- _WHAT THE TASK REQUIRES_
Set down each line of the data exactly, but not the pictures.

- _RECORDED DATA_
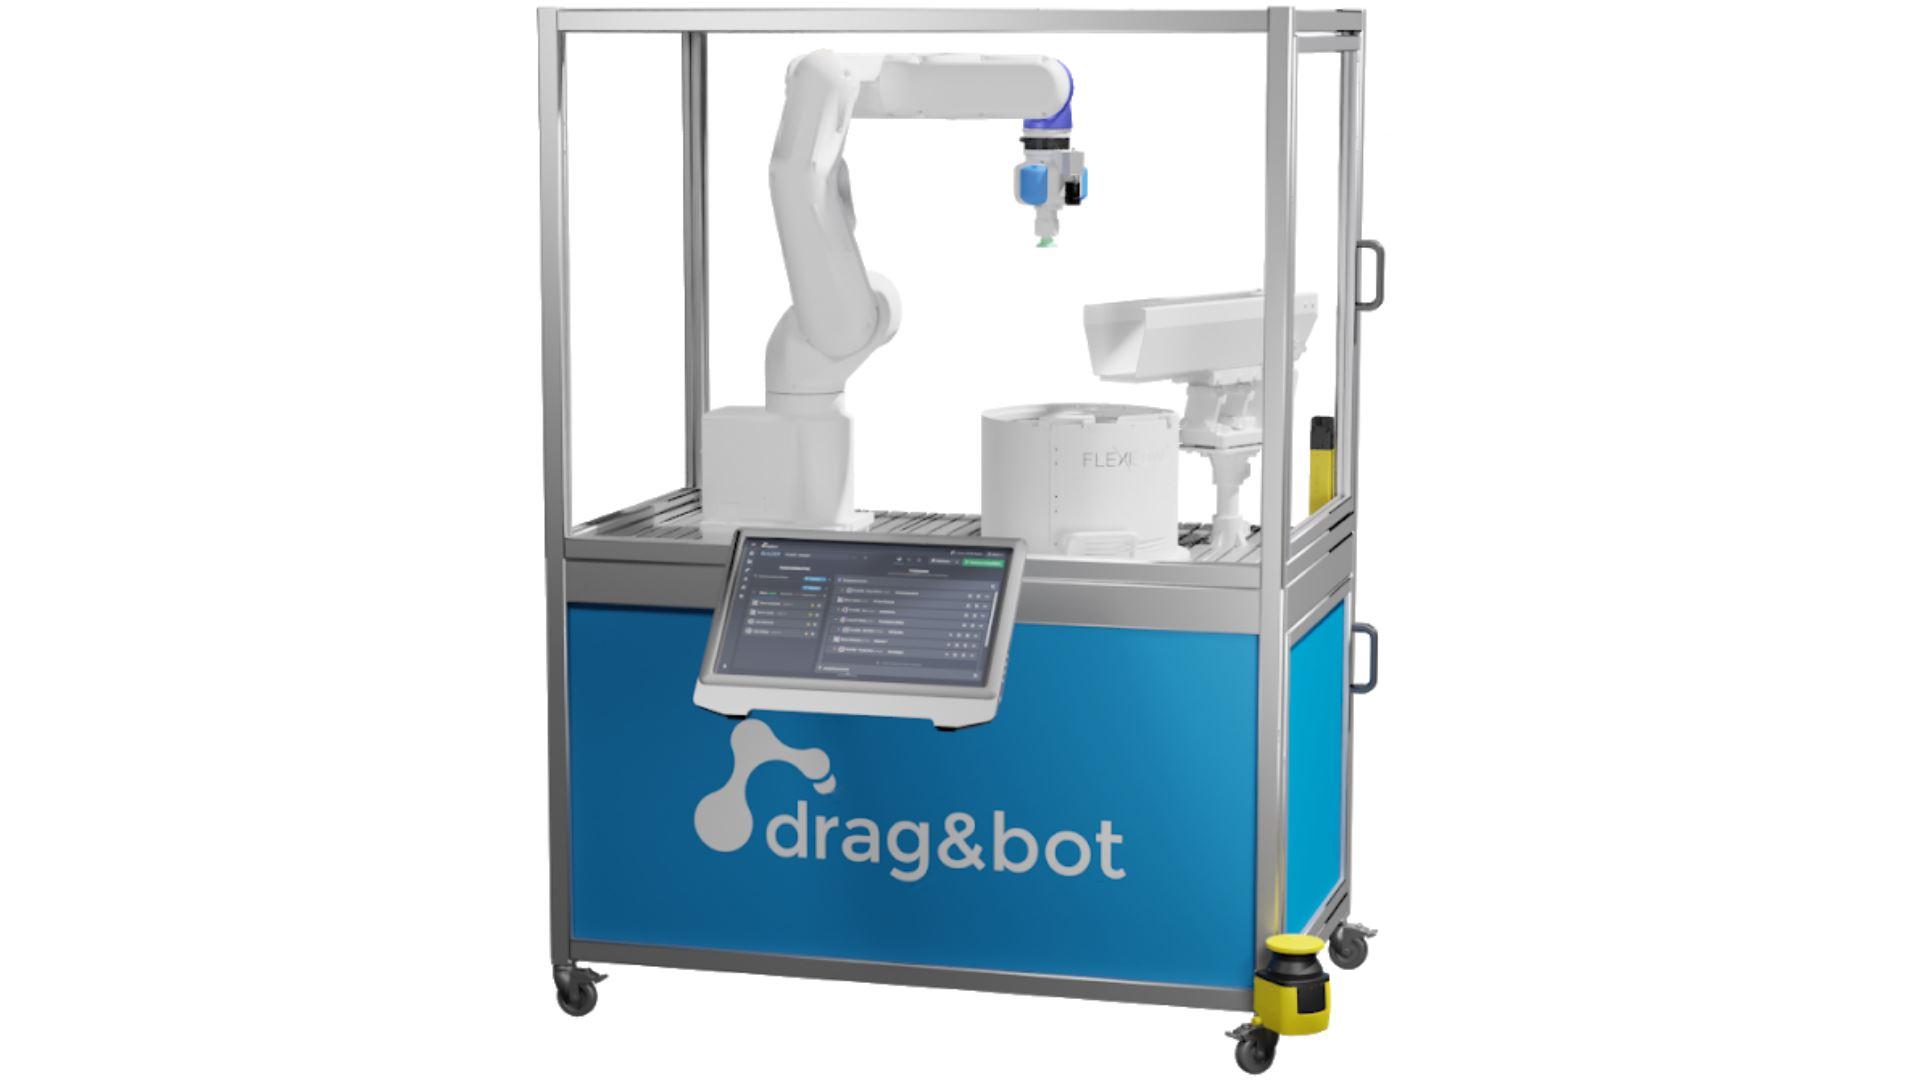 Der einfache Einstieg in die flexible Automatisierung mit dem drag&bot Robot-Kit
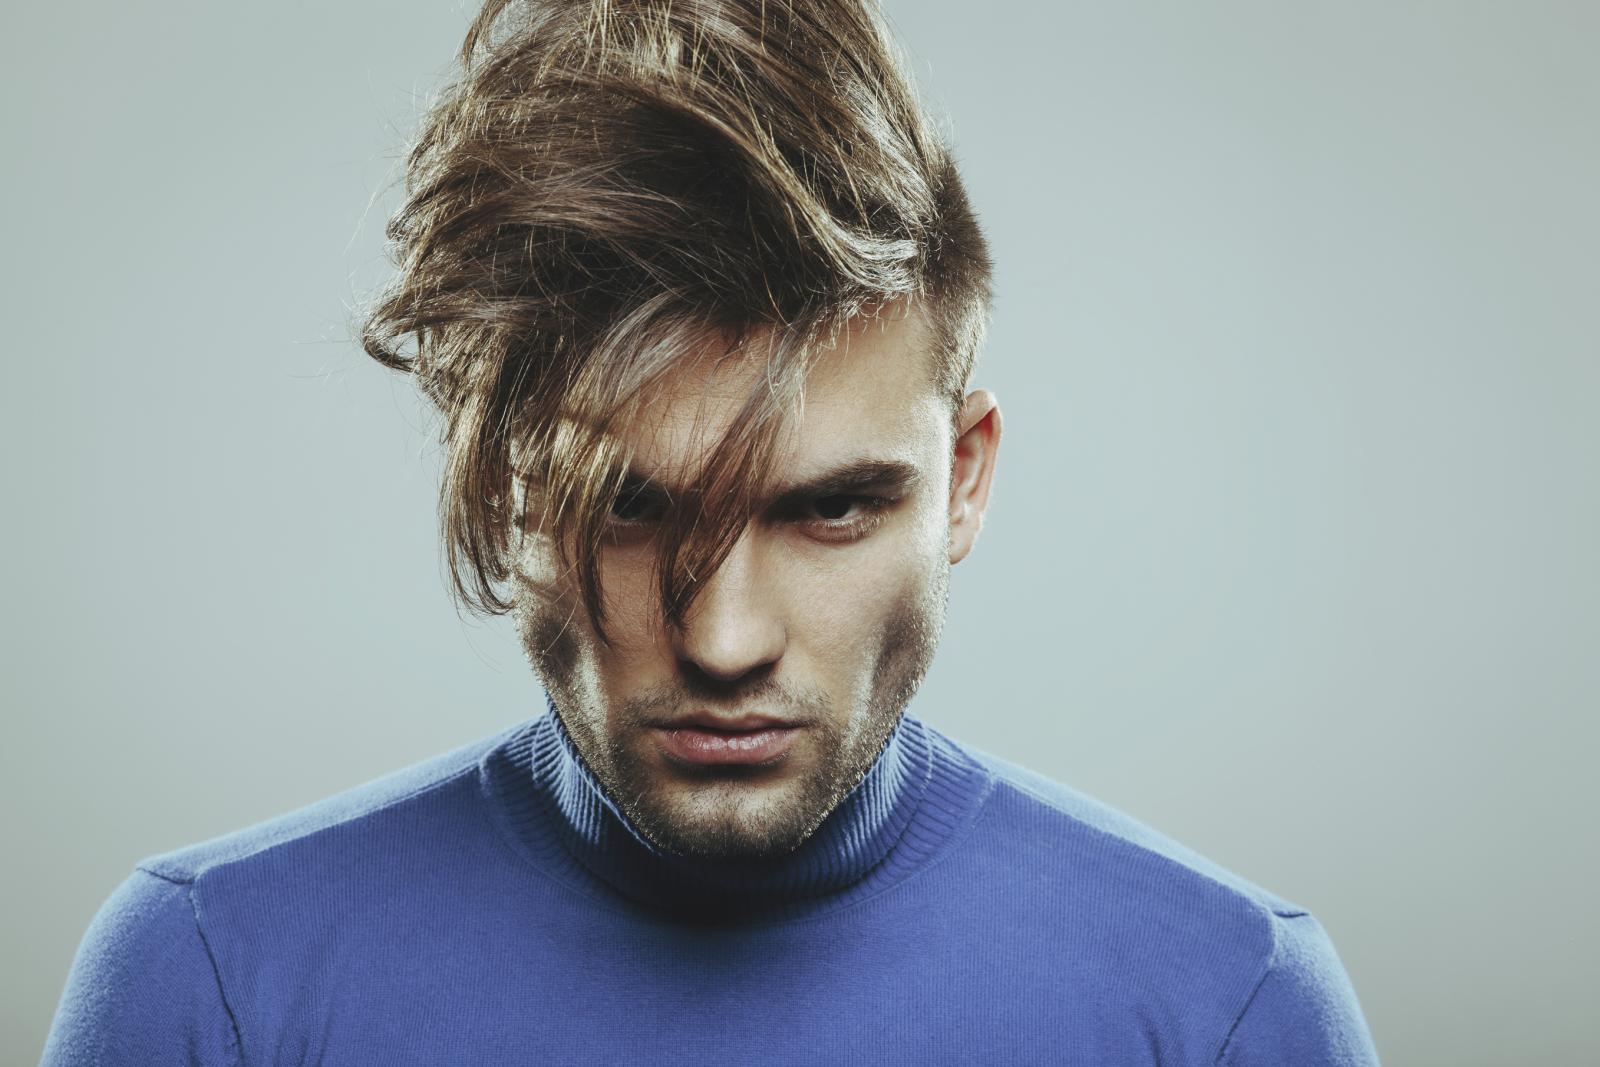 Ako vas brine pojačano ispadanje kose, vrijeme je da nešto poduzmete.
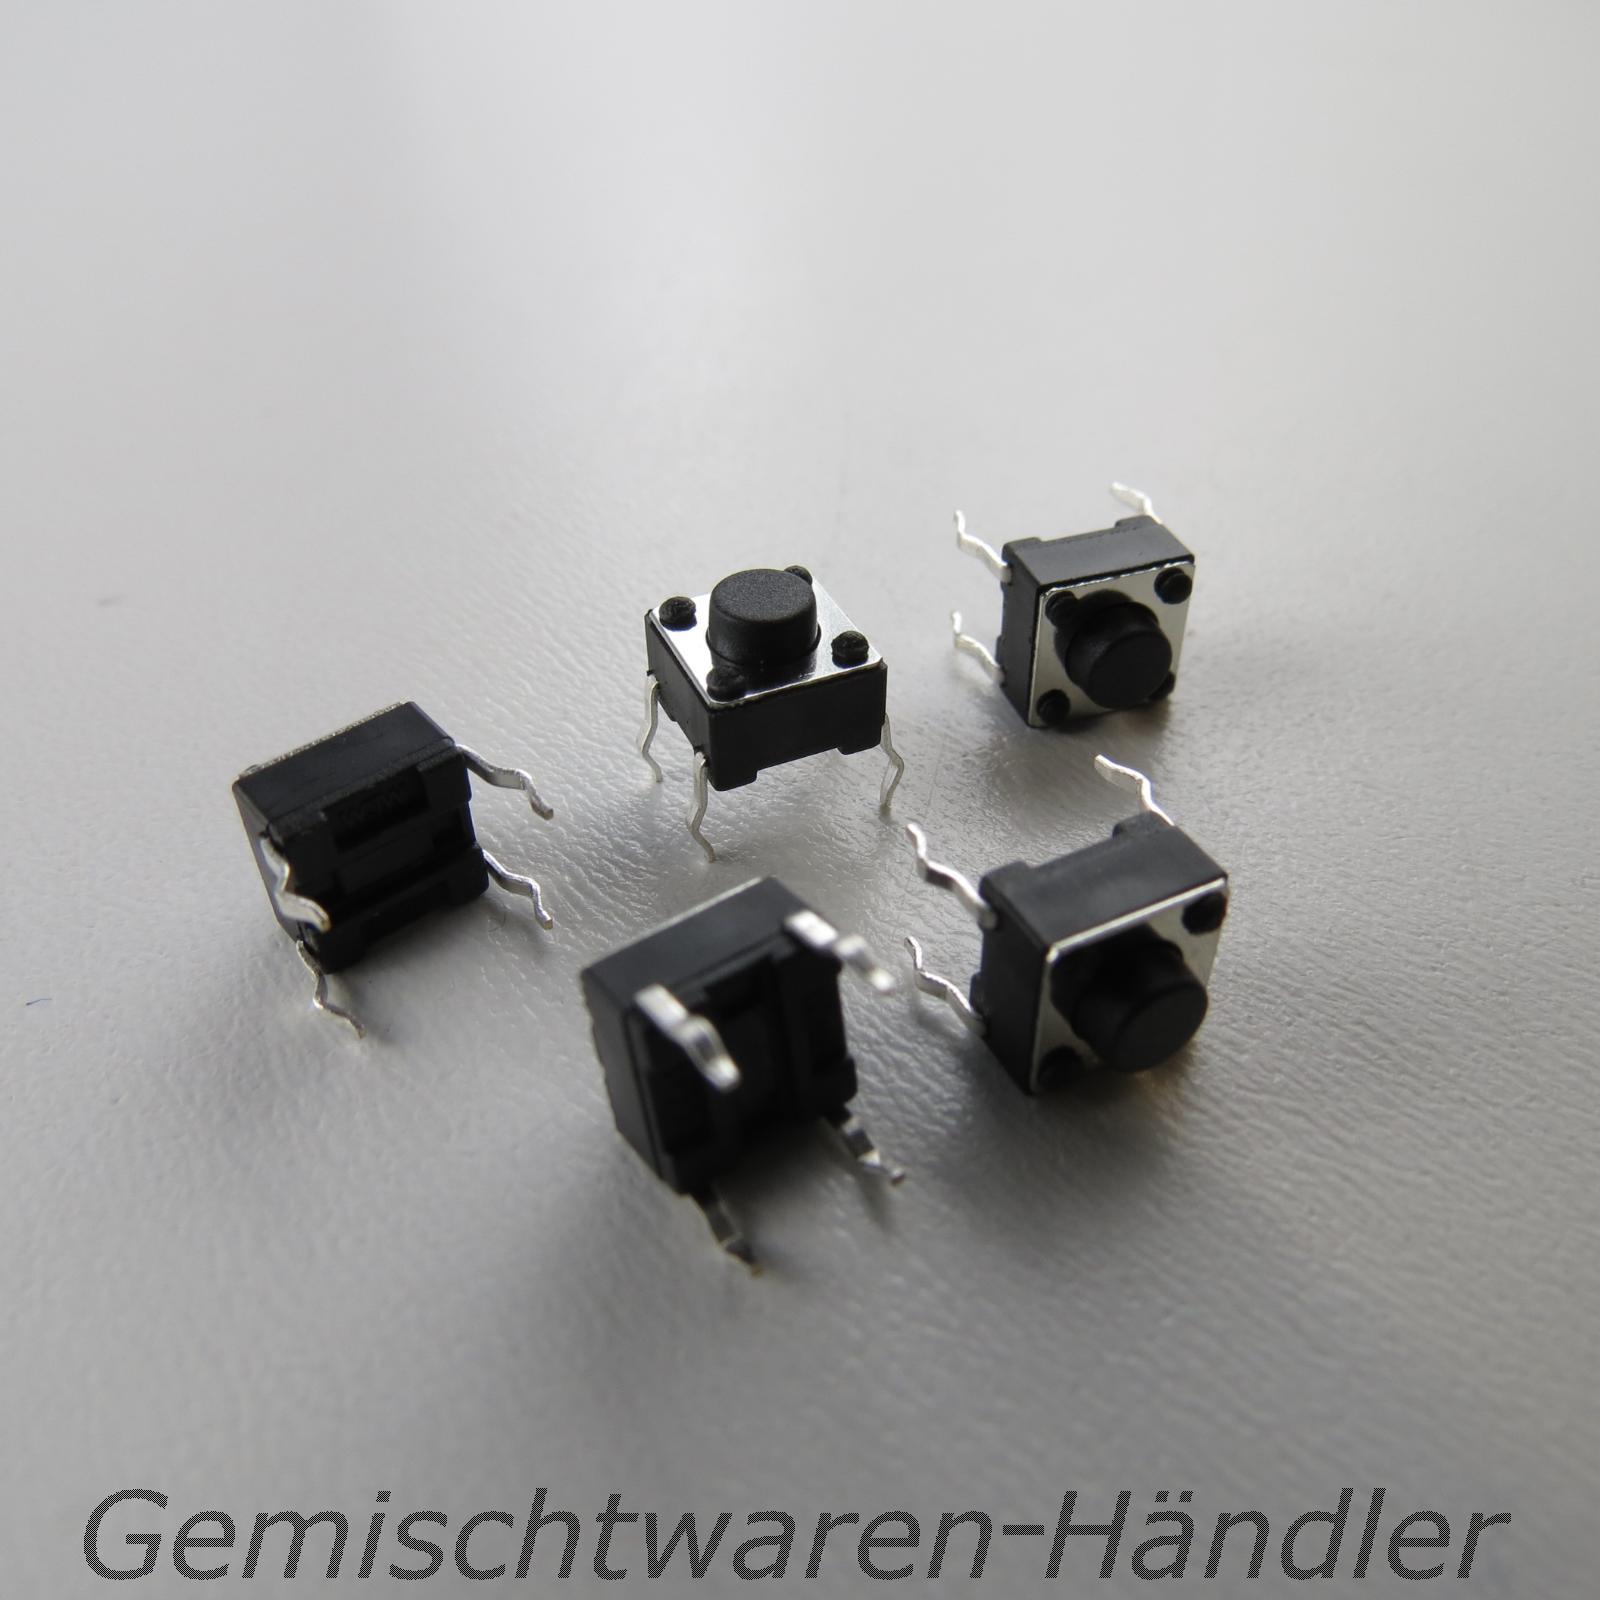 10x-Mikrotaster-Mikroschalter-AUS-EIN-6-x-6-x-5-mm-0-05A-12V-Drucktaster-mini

- _EXERCISE ANSWER_
 Der einfache Einstieg in die flexible Automatisierung mit dem drag&bot Robot-Kit
 Ako vas brine pojačano ispadanje kose, vrijeme je da nešto poduzmete.
 10x-Mikrotaster-Mikroschalter-AUS-EIN-6-x-6-x-5-mm-0-05A-12V-Drucktaster-mini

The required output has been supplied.